A tractor does actual work like pulling an implement like a plow or spinning the PTO to power a machine like a wood splitter or well drill.

Airplane engines are rebuilt every 5,000ish miles because they’re constantly running at like 50% load, it’s much harder on the engine than moving a car, a tractor is very similar.

Car engines do very little work once you’re up to speed, it only takes a fraction of the max power available to keep the car moving. This is why EVs are possible.

Running a tractor engine under load requires a lot of energy, battery density isn’t quite there yet, diesel has around 50x more energy by weight than a battery.
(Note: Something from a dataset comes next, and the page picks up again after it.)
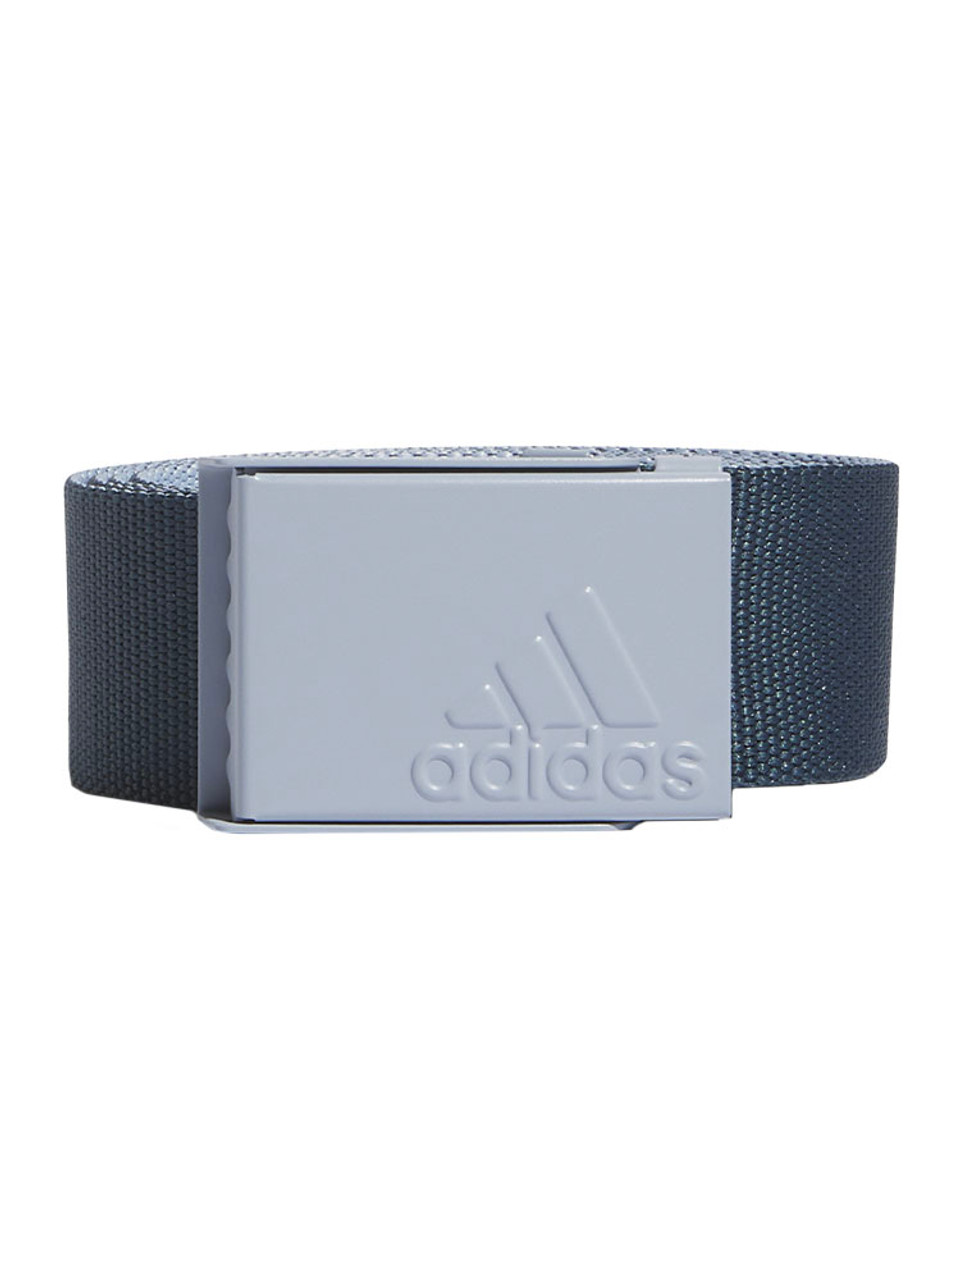 adidas Braided Stretch Belt - Grey, Men's Golf, adidas US

Off by an order of magnitude. Average TBO (which airplane engines routinely exceed if they don’t rust out) is 2,000 hours assuming piston, or about 300,000 miles for a Piper Arrow at cruise speed.

For comparison, latest commercial turbofans approach 6000h (they don't have a strict TBO limit AFAIU, overhauls are decided based on various inspections and measurements). At a typical airliner speed that's something like 3,000,000 miles.

Thanks for clarifying, I thought that sounded wrong - otherwise aeroplane engines would have to be "rebuilt", each and every time, after more than half of all international flights in and out of Australia (5000 miles, aka 8000km, is just down the road to grab a sausage roll for us!).

My apologies, I forgot that airplane engines are tracked by running time and not miles!